**Requirement**
What is needed is a word-for-word transcript of the listing, free of pictures.

**Data block**
════════════════

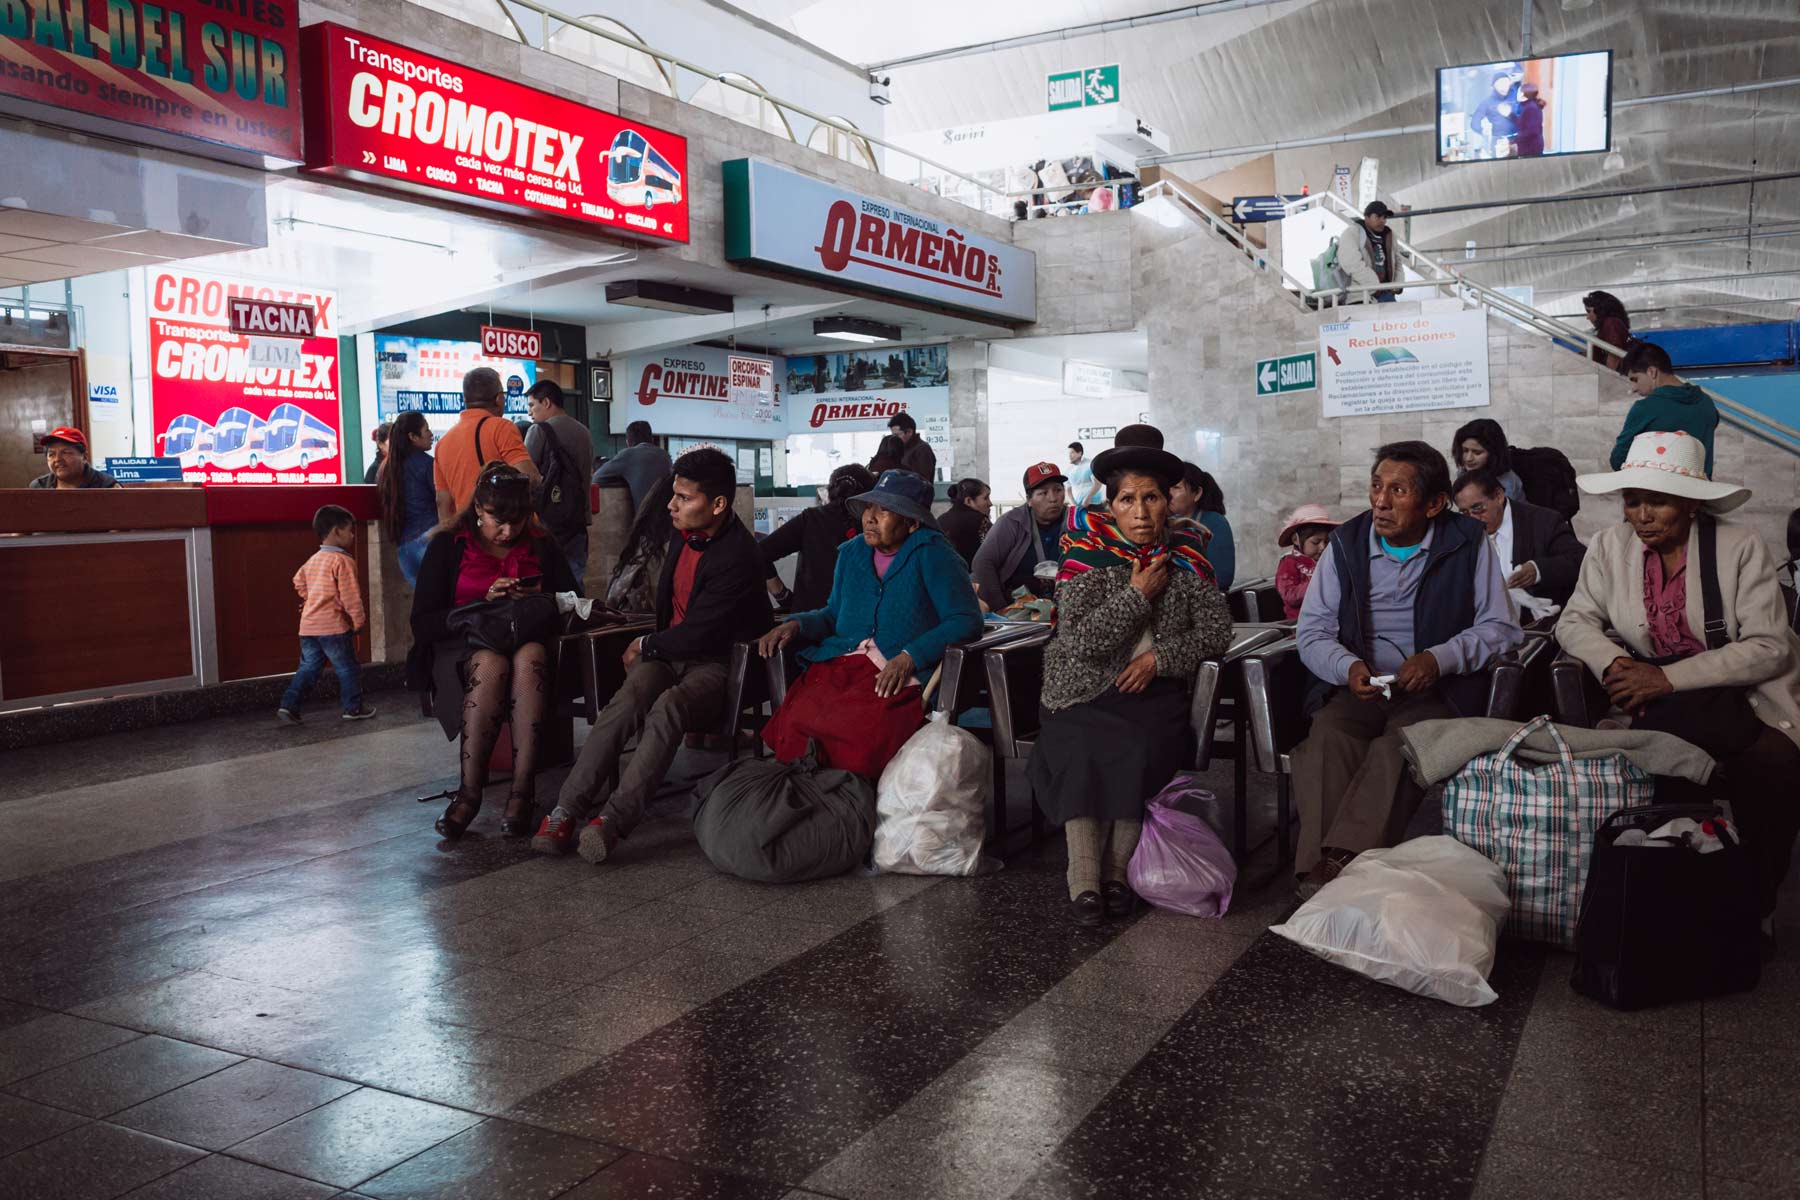 Passengers waiting for their long distance bus in Arequipa.
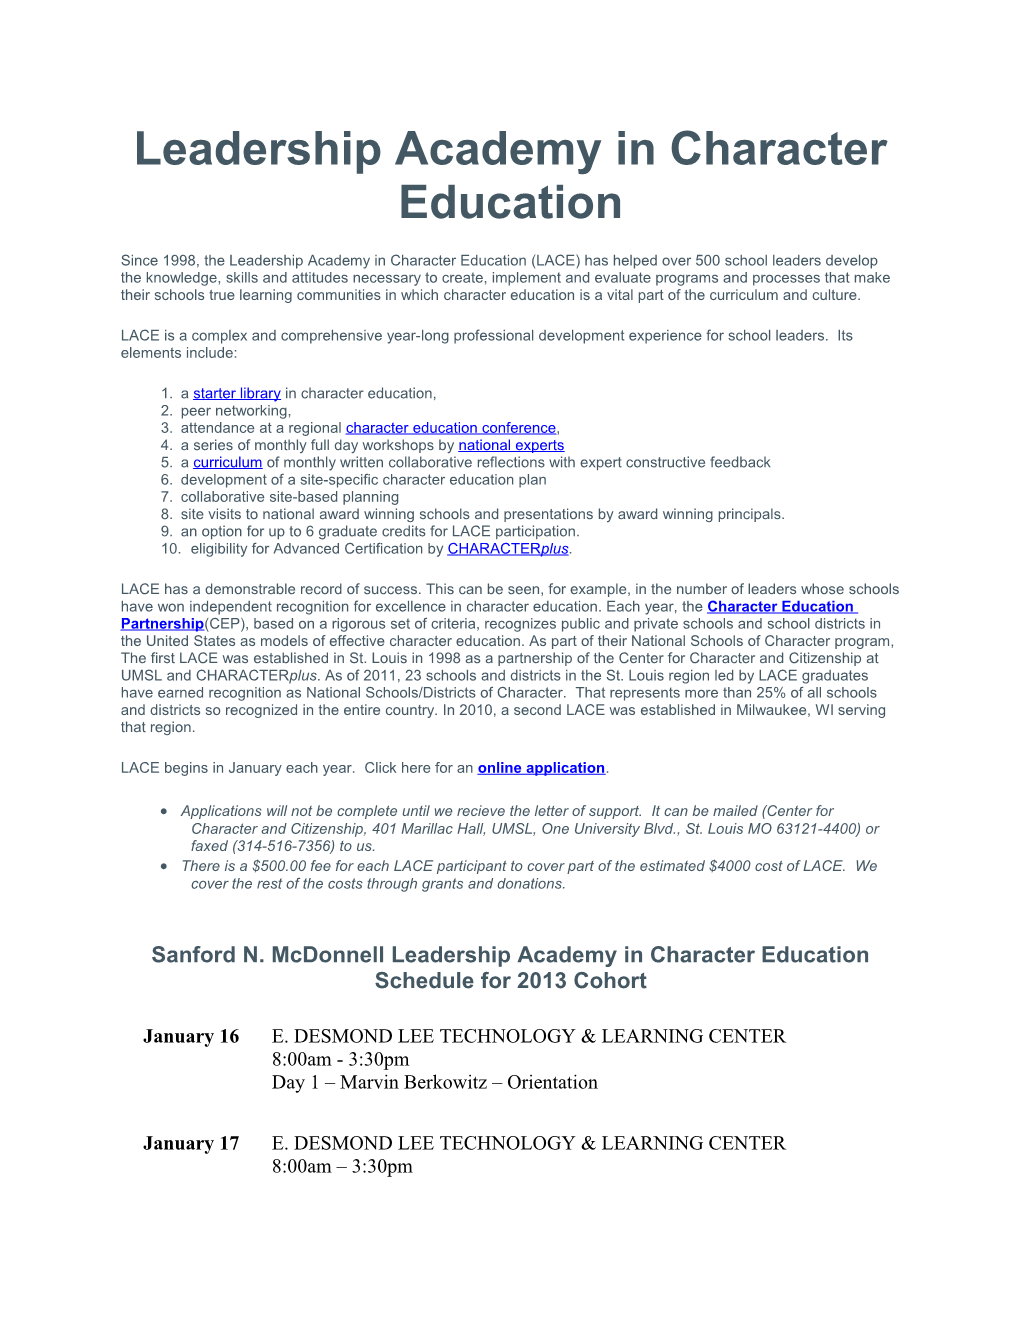 Leadership Academy in Character Education
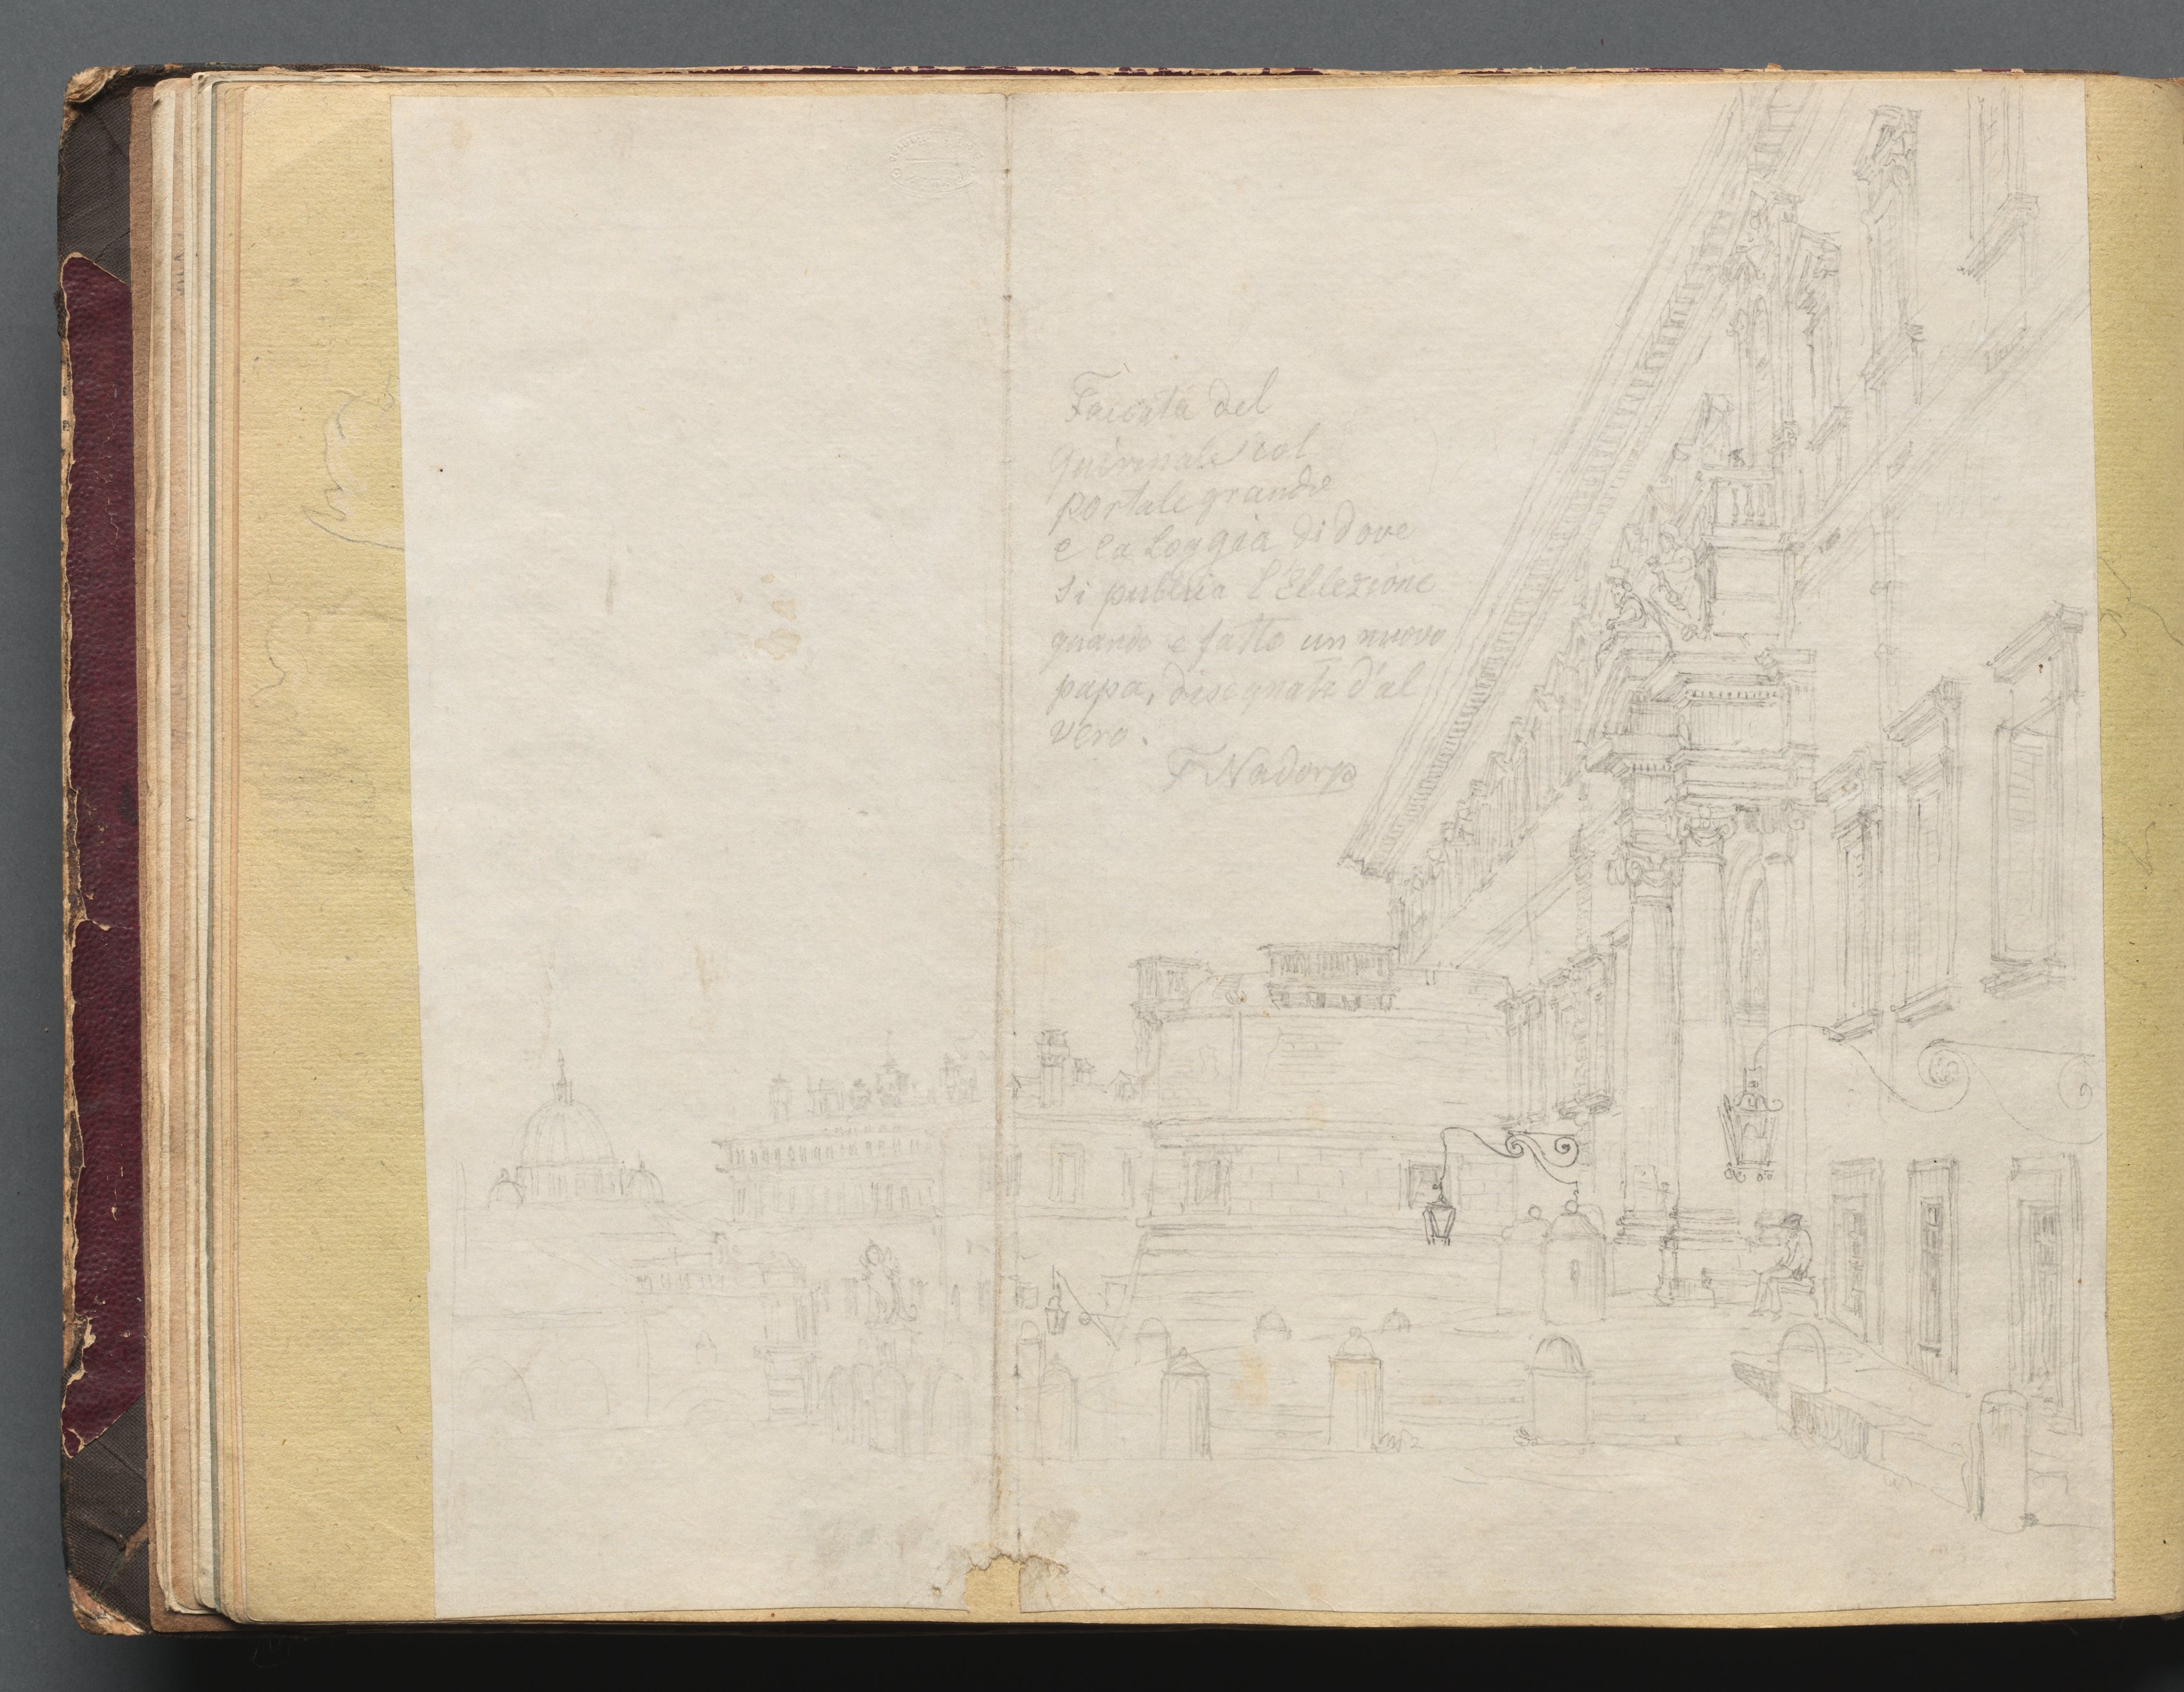 Album with Views of Rome and Surroundings, Landscape Studies, page 15b: Roman Architectural View

════════════════

**Finished task**
 Passengers waiting for their long distance bus in Arequipa.
 Leadership Academy in Character Education
 Album with Views of Rome and Surroundings, Landscape Studies, page 15b: Roman Architectural View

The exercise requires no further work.